Ten non-UC institutions have migrated to Archive-it: Bentley Historical Library, University of Michigan; Emory University Libraries; Mount Holyoke College; New York University Libraries /Tamiment Library (Labor & the Left); Northwestern University Library; Purdue University Libraries; Smith College Libraries; University of Arkansas Library; University of Illinois at Urbana-Champaign Libraries; and USDA Economic Research Service.

The WAS team worked closely with all the institutions and Archive-It to ensure a smooth migration process. All the collections have been moved over and previously crawled data for all institutions, except for five, are now fully integrated into Archive-It search and browse. The remaining content is in the queue at Archive-It and will be available in the coming weeks.

Access

You can search by Organization or Collection Name from the Archive-It home page.

What’s Next?

Our next milestone is that the WAS public interface will be decommissioned Dec. 1, 2015. We will have redirects in place so all content that was public in WAS will be redirected to Archive-It.

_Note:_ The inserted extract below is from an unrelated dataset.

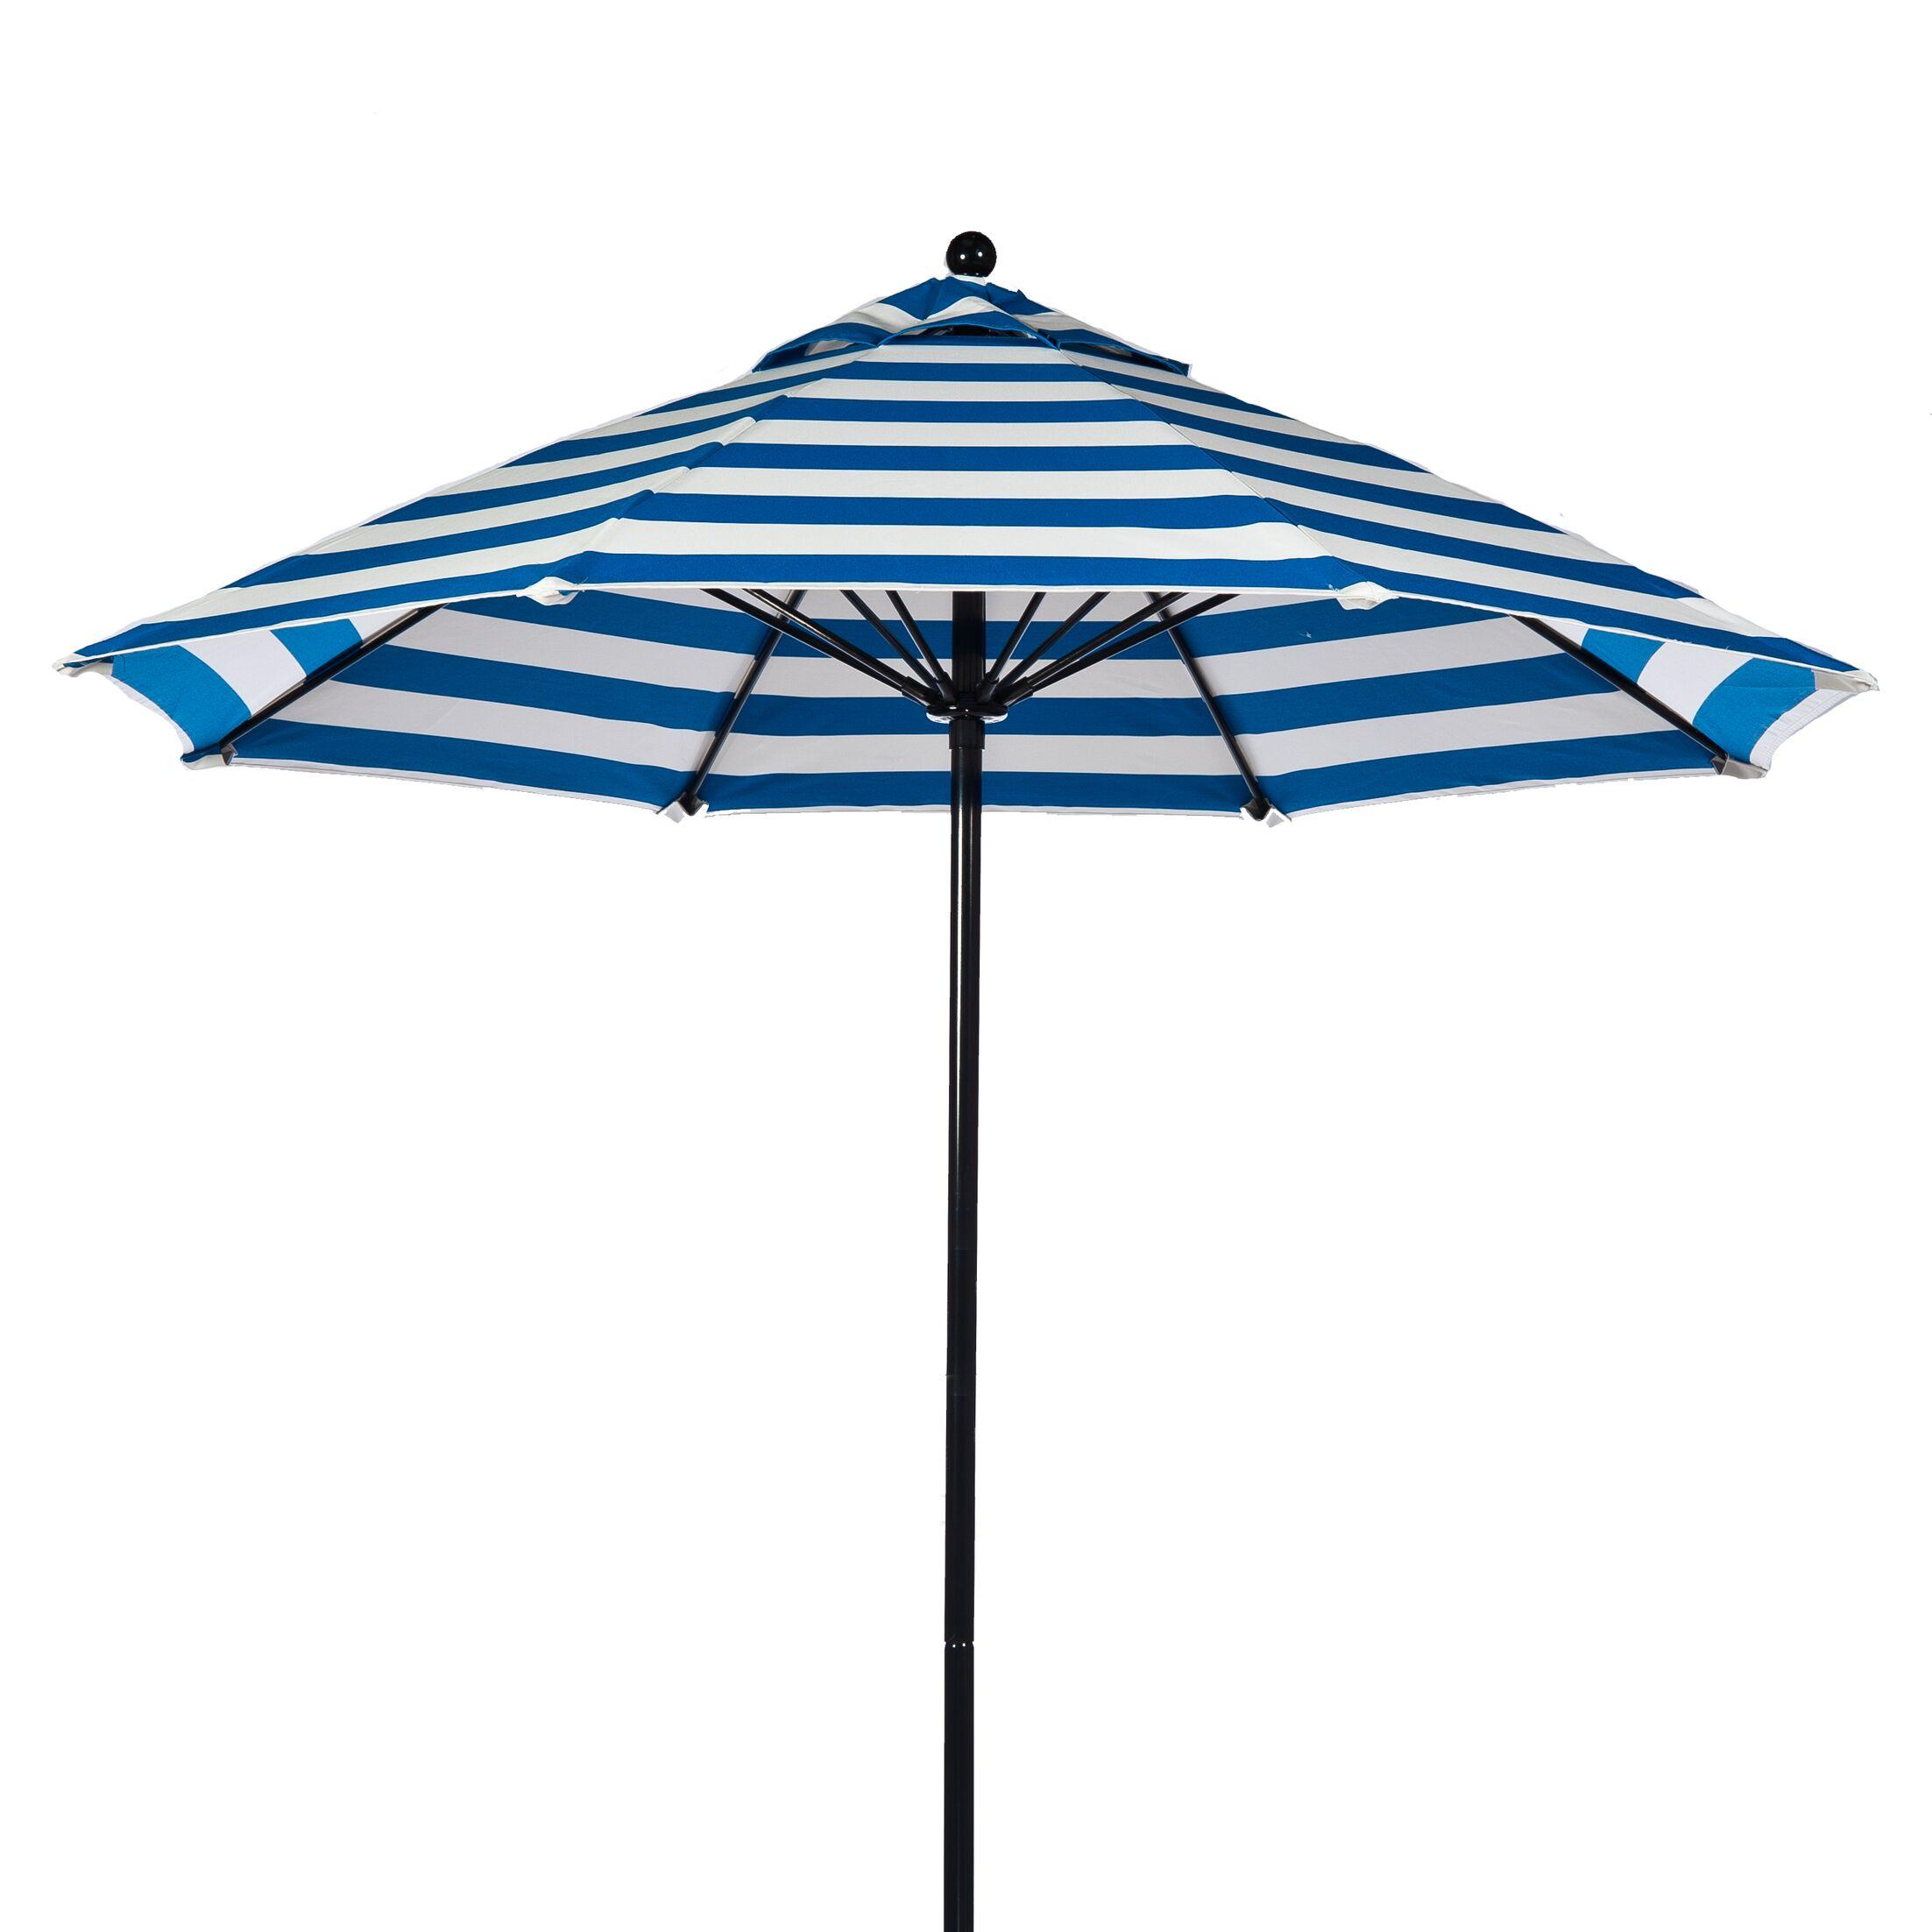 9' Market Umbrella Pole Type: Bronze Coated Aluminum Pole, Fabric: Black and White Stripe

The future focus will be on collaborative activities between CDL, UC Libraries, and web archiving community partners to expand collective capacity to steward web archive collections with a focus on tools for researchers and curators, collection development, and discovery and access.  To this end, we are exploring the feasibility of a couple of grant opportunities with partners — more info coming soon.


[1] The UC Libraries collection will include collections that CDL staff created, collections that CDL staff collaborated with UC librarians to create, and the CA.gov collection, created and managed in partnership with government information librarians from UC, the California State Library and Stanford.